5.6.1 Targeting Orbit Frequencies in a Family of Quasi-Periodic Orbits

We choose an initial quasi-halo orbit with frequencies

$$\begin{aligned} \varvec{\omega }=(1.946982196701564,0.590131700668313), \end{aligned}$$

target frequencies

$$\begin{aligned} \varvec{\omega }_t=(1.978018524093039,0.622782717360435), \end{aligned}$$

and a distance tolerance of \(\varepsilon =\)1e-8. Therefore,

$$\begin{aligned} \delta \varvec{\omega }_t = (0.031036327391475,0.032651016692122) \end{aligned}$$

and \(d=0.045048224260009\). Based on \(\delta \varvec{\omega }_t\) we have \(\delta \breve{\varvec{\omega }} = \omega _0\) and \(\delta \omega =\omega _1\).
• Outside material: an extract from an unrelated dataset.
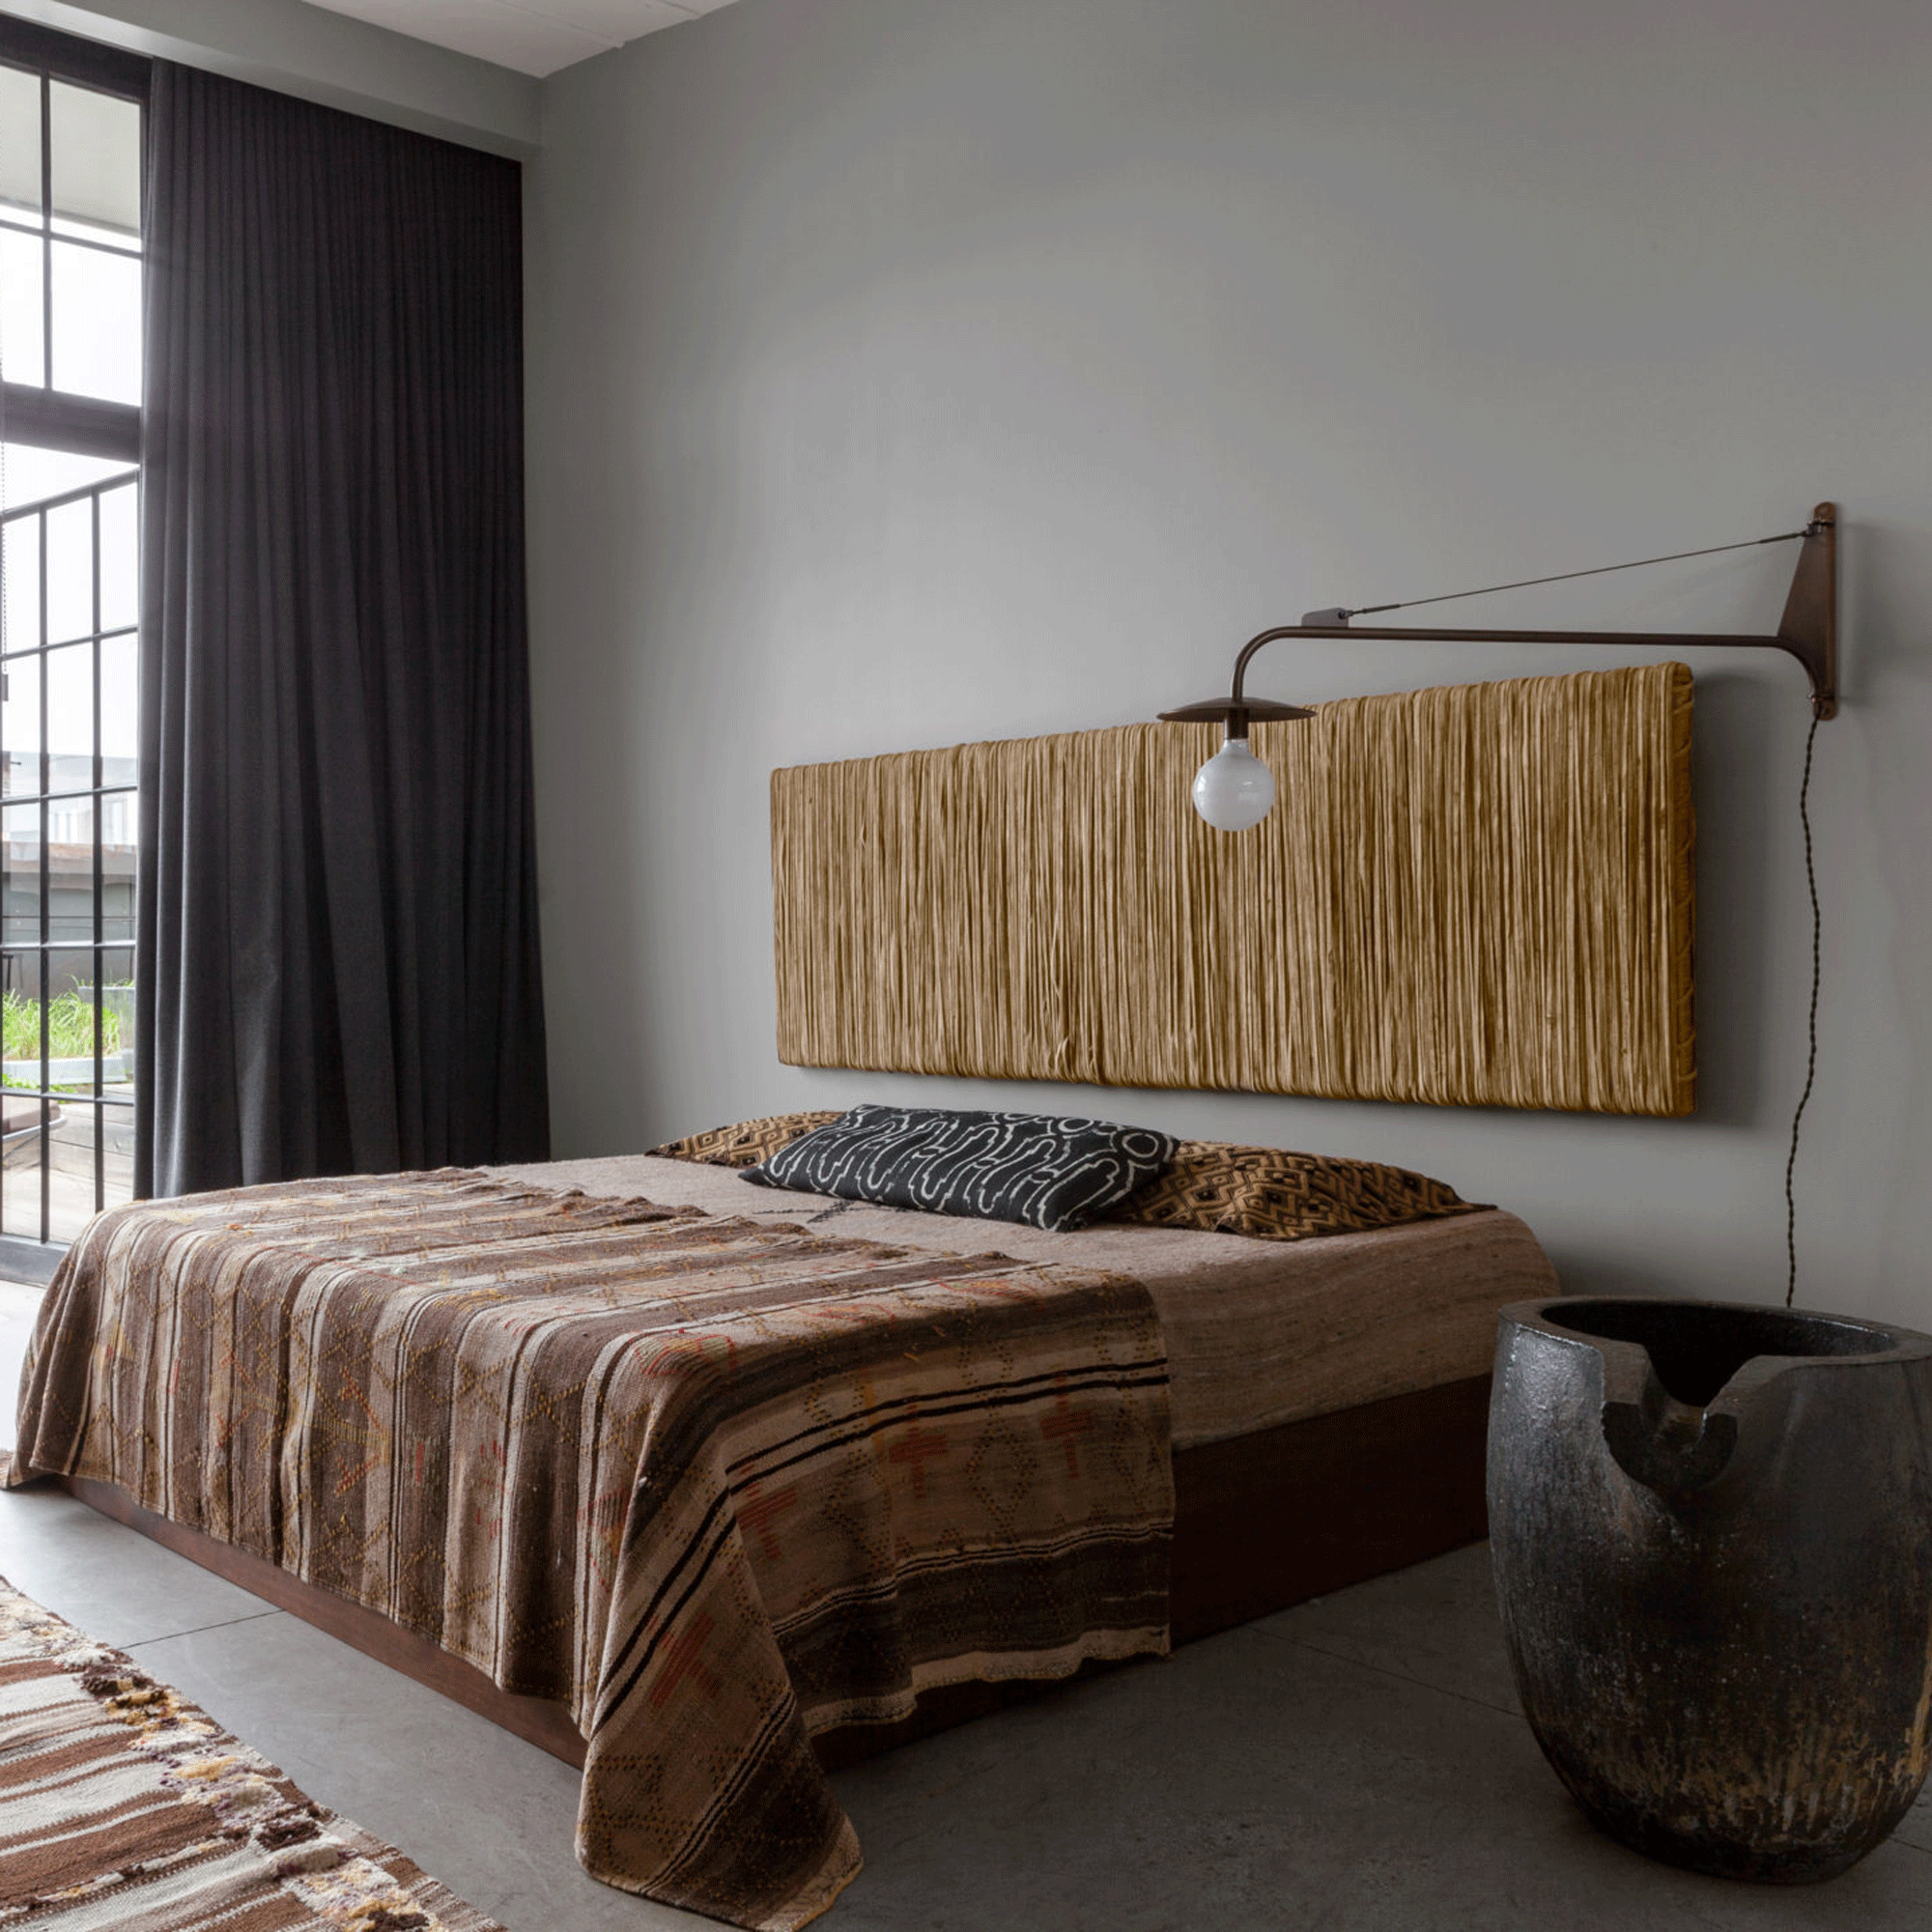 Grey bedroom with a raffia headboard that also acts as a piece of art

Algorithm 2 produces a quasi-halo with frequencies

$$\begin{aligned} \varvec{\omega }^* =(1.978018520706167, 0.622782713797358). \end{aligned}$$

The results are given in Fig. 3. Plots (a) and (b) show the continuation in frequency space with plot (b) being a zoomed in view of plot (a), while plot (c) shows the distance error versus the continuation solutions. Plot (a) shows how long the continuation path was relative to the size of the family in frequency space. In plot (b) it is seen that the solution jumps past the target solution and begins to backtrack. From there it takes only a few more solutions to hone in on a quasi-halo orbit with frequencies satisfying the tolerance. The entire algorithm computes 19 orbits and takes 105 s to run. The computations were performed in the Julia language and the integrations were not run in parallel. The runtime can be significantly reduced if the integrations are run in parallel.

Fig. 3
figure 3

Targeting the frequencies of a quasi-periodic orbit

Plot (c) shows a monotonically decreasing error as the orbits are successively computed. This behavior is expected for larger step sizes, but as the step size gets small enough it is not unexpected for the distance error to oscillate. The oscillation can occur because the predicted frequencies do not exactly determine the true frequencies. The Newton’s method can converge to an orbit further away from the target than expected based on the predicted frequencies.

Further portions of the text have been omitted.